The flight was bringing holidaymakers back to Russia's second largest city Saint Petersburg when it went down in Egypt's Sinai, with international experts now at the scene trying to discover the cause of the tragedy.

"Can you imagine, people came (here) to pick up their children, grandchildren, only to find out that they no longer exist," said Galina Grigoryeva, 34, one of many people who brought flowers to a makeshift memorial near the arrivals area at Saint Petersburg's Pulkovo airport.

"When I found out about this, I just cried," she told AFP, her five-year-old in tow with a cuddly toy for the memorial to honour the children who died, some as young as 10 months.

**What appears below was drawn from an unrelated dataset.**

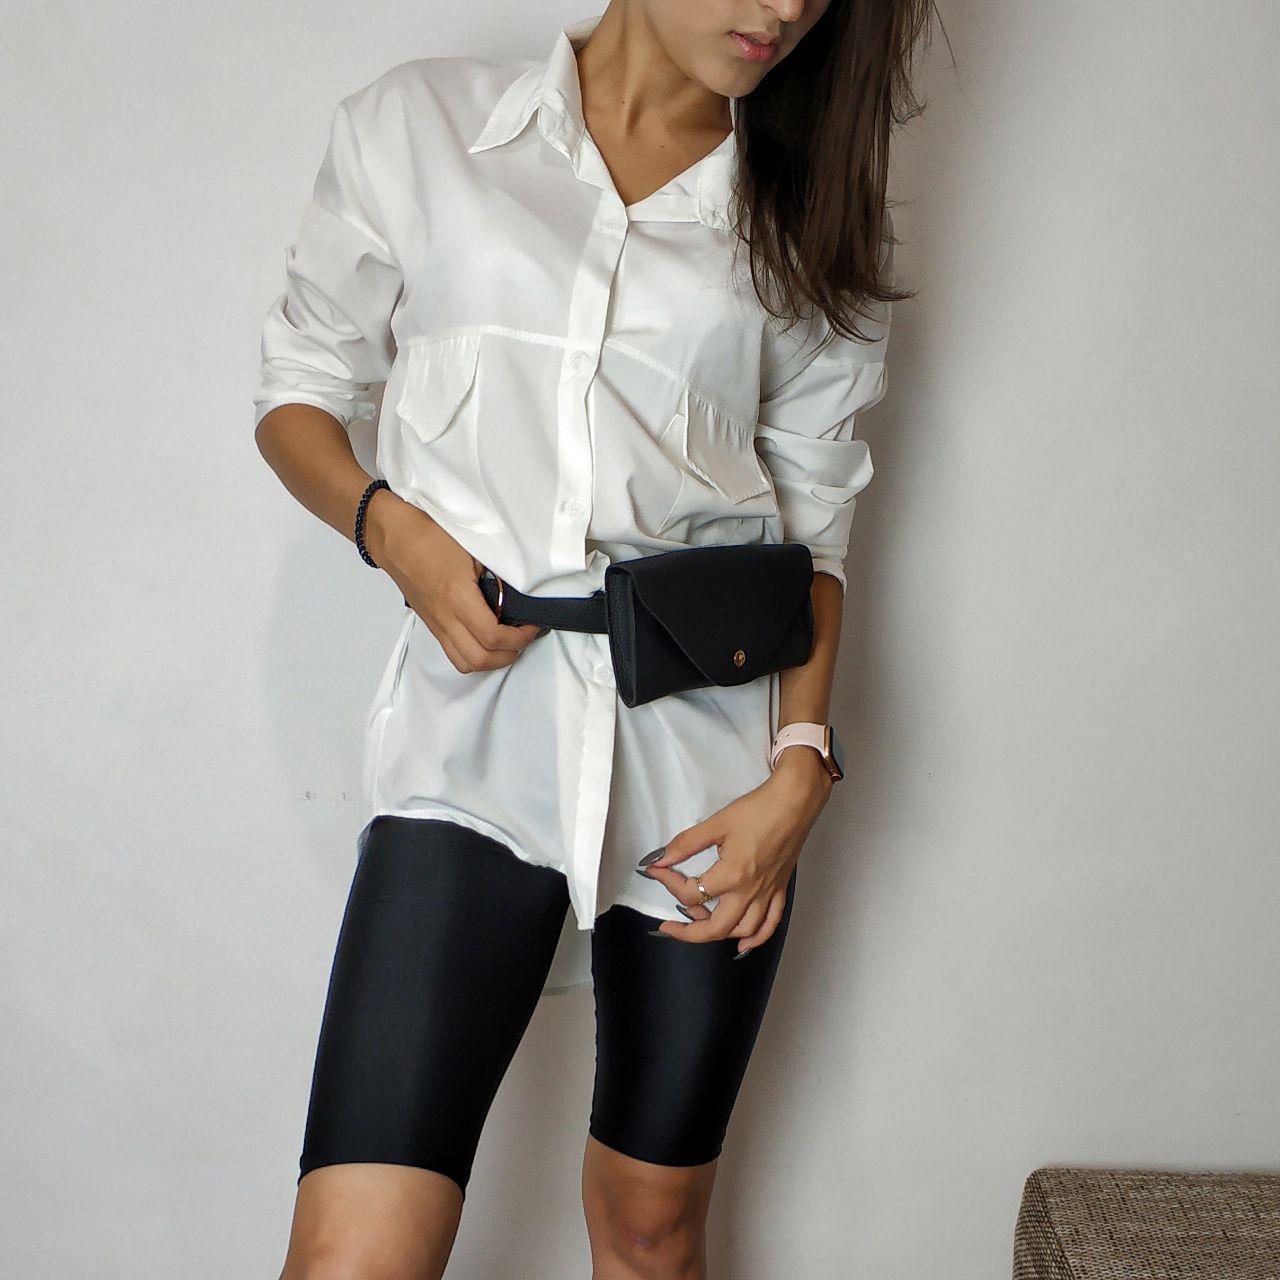 Рубашка белая  базовая  удлиненная оверсайз фото в  живую

Flags were at half mast on the parliament building, in the Kremlin, and on other official buildings in honour of the victims, most of whom were from Saint Petersburg and its surrounding region.

Authorities set up a crisis centre at a hotel near the airport where relatives of the victims were invited to provide DNA samples and psychologists were on call.

Russia's state-owned rolling news channel Rossiya 24 periodically interrupted coverage with moments of silence and flashed photos of smiling crash victims apparently taken on their holiday and posted on social networks.

Some people had been on their first foreign holiday, some had never flown before, and one couple was on their honeymoon, the channel said.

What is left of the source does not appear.